NOW, THEREFORE, the Primary Sponsor does hereby amend the Plan, effective immediately, as follows:
1. By deleting Subsections (a), (b) and (c) of Section 3.2 in their entirety and by substituting therefor the following:
“(a) Vesting. Each Annual Option granted under this Plan is exercisable by whom, at such time or times, or upon the occurrence of such event or events, and in such amounts, as the Committee specifies in the Stock Incentive Agreement; provided, however, that no Annual Option shall initially provide a vesting schedule permitting the exercise of any portion of an Annual Option any earlier than the first anniversary of the date the Annual Option is granted. Notwithstanding the foregoing, the terms of a Stock Incentive Agreement, or any amendment thereto, may include terms accelerating the time or times at which an Annual Option, or any portion thereof, may be exercised upon the occurrence of specified events, including, without limitation, upon death, Disability, retirement or a Change in Control. Any portion of an Annual Option that has not become exercisable as of the date the Participant’s service as a director of the Company ceases, that unvested portion of the Annual Option shall be forfeited.

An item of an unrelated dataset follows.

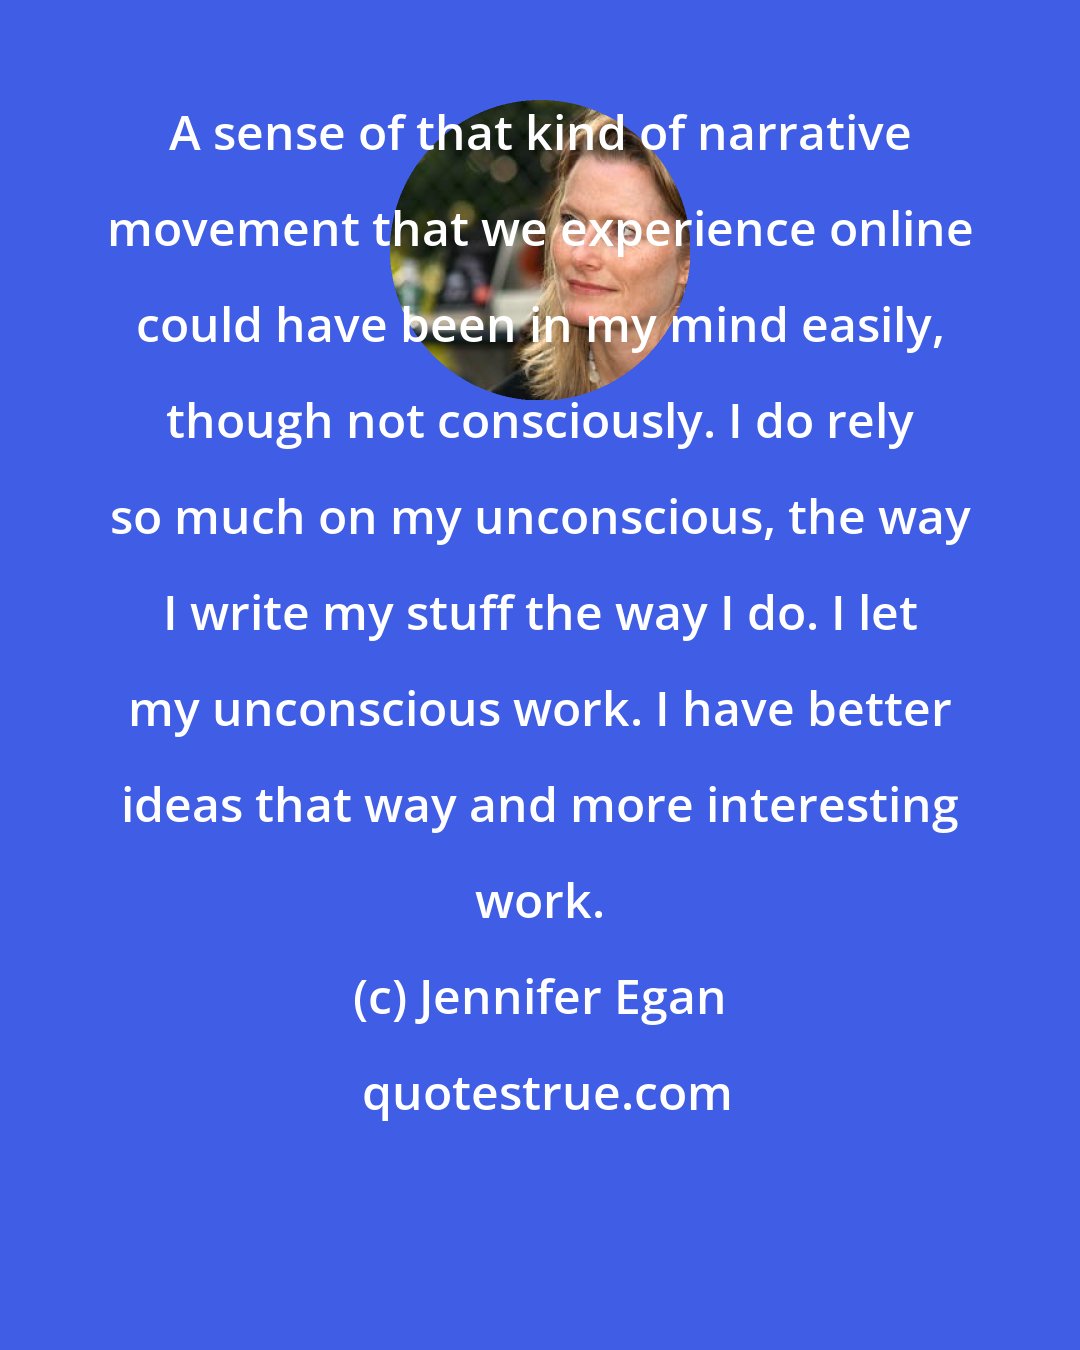 Jennifer Egan: A sense of that kind of narrative movement that we experience online could have been in my mind easily, though not consciously. I do rely so much on my unconscious, the way I write my stuff the way I do. I let my unconscious work. I have better ideas that way and more interesting work.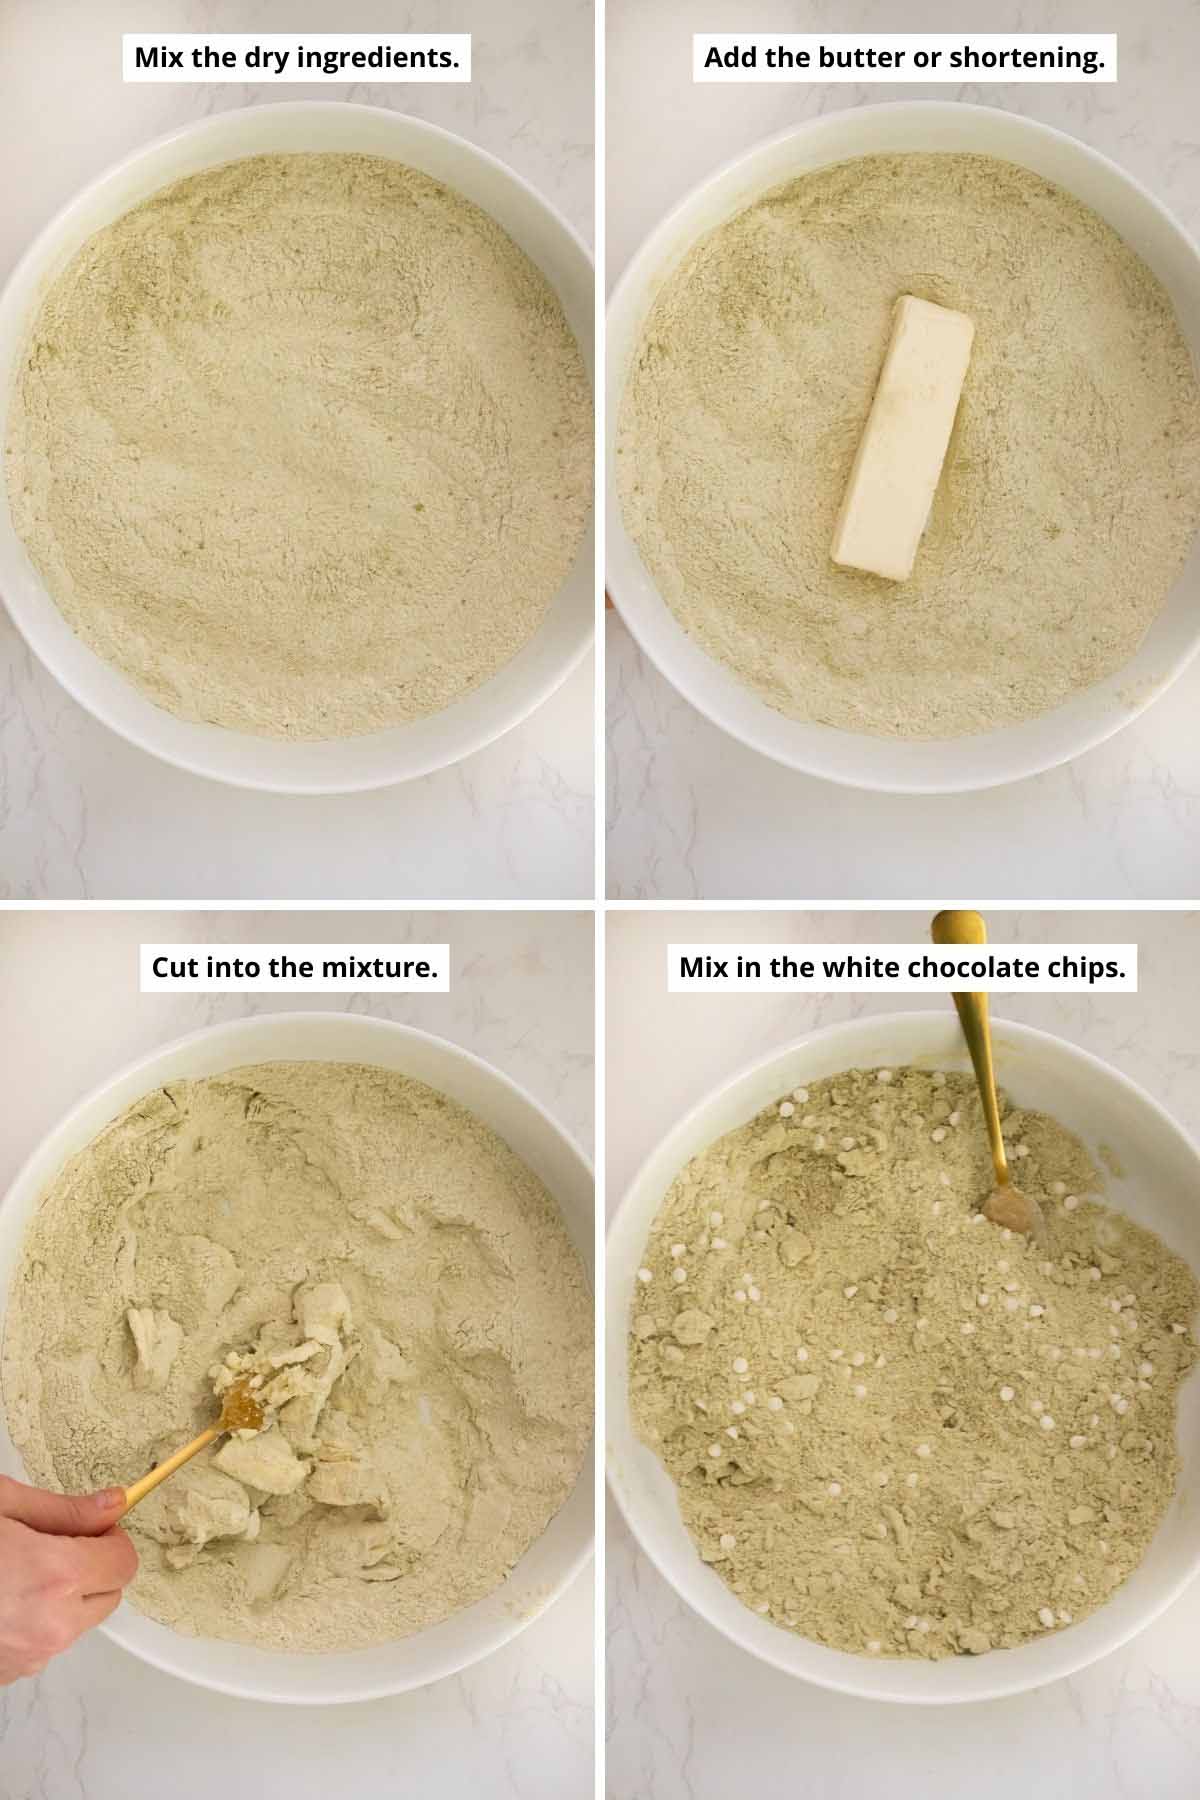 image collage showing dry ingredients, adding shortening, cutting in the shortening, and the mixture after the shortening is mixed in

(b) Option Period. Each Annual Option shall have a maximum term of up to ten (10) years (or any shorter period specified by the Stock Incentive Agreement), but shall expire no later than (i) ninety (90) days following any earlier termination of the Participant’s service as a director of the Company due to a voluntary resignation or involuntary termination other than for Cause; and (ii) fifteen (15) days following any earlier involuntary termination of the Participant’s service as a director of the Company for Cause.
(c) Method of Exercise. All Annual Options granted hereunder shall be exercised by written notice directed to the Secretary of the Company at its principal place of business or to such other person as the Committee may direct. Each notice of exercise shall identify the Annual Option which the Participant is exercising (in whole or in part) and shall be accompanied by payment of the applicable exercise price for the number of shares specified in such notice. The exercise price shall be payable upon the exercise of an Annual Option in an amount equal to the number of shares then being purchased times the per share exercise price. Payment at the election of the Participant (or his successors) shall be (i) in cash; (ii) by delivery to the Company of a certificate or certificates for shares of Stock then held by the Participant duly endorsed for transfer to the Company; (iii) by a cashless exercise executed through a broker, dealer, or other creditor, as defined by Regulation T promulgated by the Board of Governors of the Federal Reserve System; or (iv) by having a number of shares of Stock withheld, the Fair Market Value of which as of the date of exercise is sufficient to satisfy the Exercise Price, following delivery by the Participant to the Company of instructions in a form acceptable to the Company.”
2. By deleting Section 4.3 in its entirety and by substituting therefor the following:
“4.3 Vesting. The shares of Stock subject to a Restricted Stock Award shall vest on the day immediately preceding the first anniversary of the grant date (the “Scheduled Vesting Date”) for that Restricted Stock Award, provided the Participant remains a member of the Board of Directors as of the Scheduled Vesting Date. In the event a Participant ceases to be a member of the Board of Directors prior to the Scheduled Vesting Date of a Restricted Stock Award, all unvested shares under that Restricted Stock Award shall be forfeited. Notwithstanding the preceding sentence, to the extent determined by the Committee in the applicable Stock Incentive Agreement, or any amendment thereto, all shares of Stock subject to a Restricted Stock Award may become vested prior to the Scheduled Vesting Date on any one or more of the following earlier events: (a) the Participant’s death or Disability; (b) upon the Participant attaining age 70; (c) the Participant’s retirement; or (d) upon a Change in Control.”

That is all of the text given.